We also limit the number of payments, successful or not, that can be transacted in a period of time.
More details about Stripe and security is here: https://stripe.com/docs/security
General Obfuscation
The other thing we have learnt over the years is to not get too specific about what we do with security. In this article we have given an overview of what we do to rest your mind, but have intentionally not named specific vendors or approaches we take. The less the bad guys know the more secure the system and hence your data.
Our approach is to always use the best in class software systems and vendors. With our key vendors we work with them closely, most as vendor developer partners so we have additional access to their experts.
Do you store identification documents?
Absolutely not. We do not store drivers licences, passports, health cards or any other identification documents at all for our clients.
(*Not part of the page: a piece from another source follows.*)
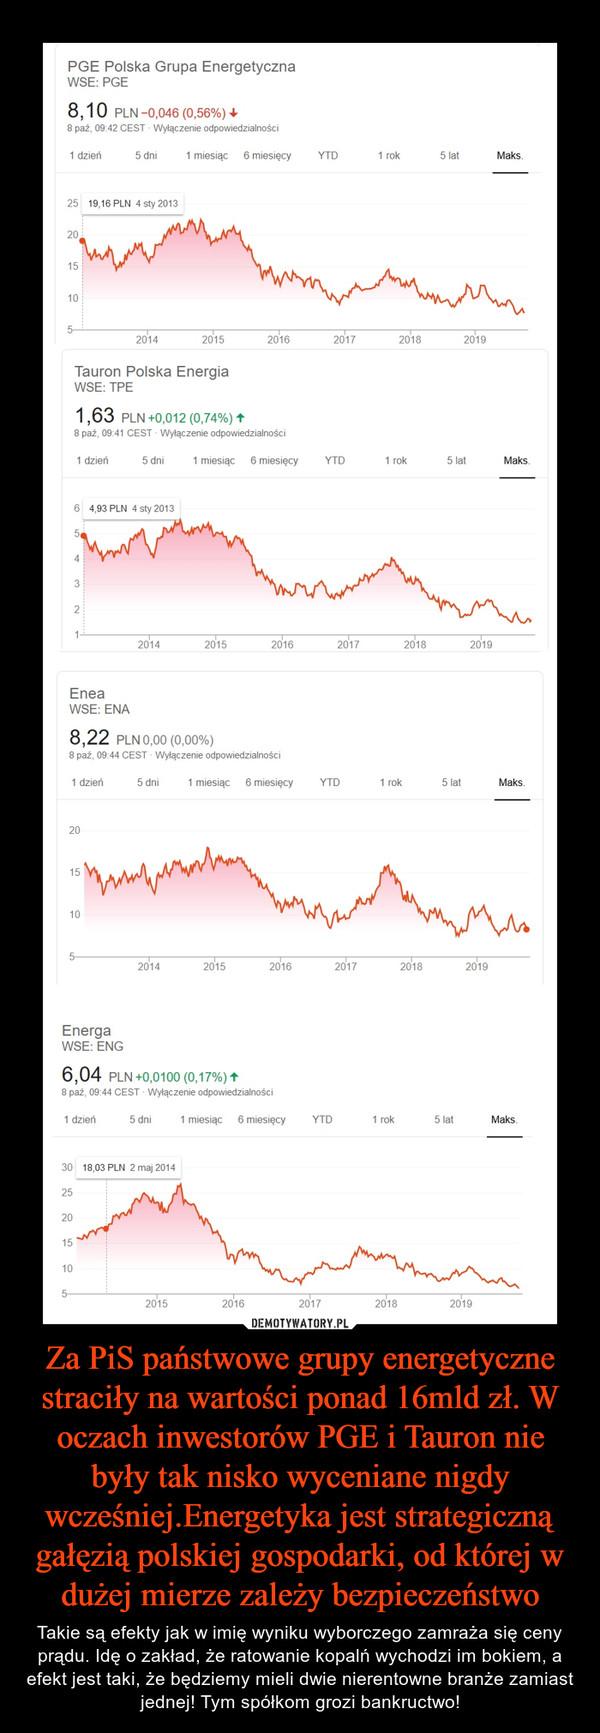 Za PiS państwowe grupy energetyczne straciły na wartości ponad 16mld zł. W oczach inwestorów PGE i Tauron nie były tak nisko wyceniane nigdy wcześniej.Energetyka jest strategiczną gałęzią polskiej gospodarki, od której w dużej mierze zależy bezpieczeństwo – Takie są efekty jak w imię wyniku wyborczego zamraża się ceny prądu. Idę o zakład, że ratowanie kopalń wychodzi im bokiem, a efekt jest taki, że będziemy mieli dwie nierentowne branże zamiast jednej! Tym spółkom grozi bankructwo!

If you ever have provided, or need to provide, identification for a payment gateway account, that information is not stored on our servers. It is used by Stripe to satisfy banking regulations 100 point checks, and then destroyed.
P.S. Please don’t collect this information from your members. Although it is possible for you to do this without our knowledge using a membership form image upload, and it will be encrypted, don’t do it. It puts you and your members at risk.
Do you share information with anyone else?
No member data is shared with ANY third-party organisation. Not specific data, not rolled up data, not anonymised data. Nothing.
Your data is your data, not someone else’s. One of the driving forces behind Member Jungle is our obsession with privacy and the hatred (is that too strong?) of internet systems, especially social media organisations, who share your data and/or use it for advertisers.
We will never do that.
Will you advise us if there is a breach?
Of course. Immediately.
One of our core values is to ‘Be Transparent’, internally and externally. We will let you know what the extent is and we will also work with the Australian Cyber Security Centre to address the issue.
So our data is safe and never will get hacked?
We can’t absolutely guarantee that we will never get hacked. Anyone who tells you they can’t be hacked should raise alarm bells for you. NASA gets hacked, Banks get hacked, Telecommunications companies get hacked. But, we have gone through very significant steps to protect you and your club and have specific internal and external monitoring and logging systems in place for detection. As I said at the start of this article, we are paranoid, and we have to be or else we will not be constantly improving.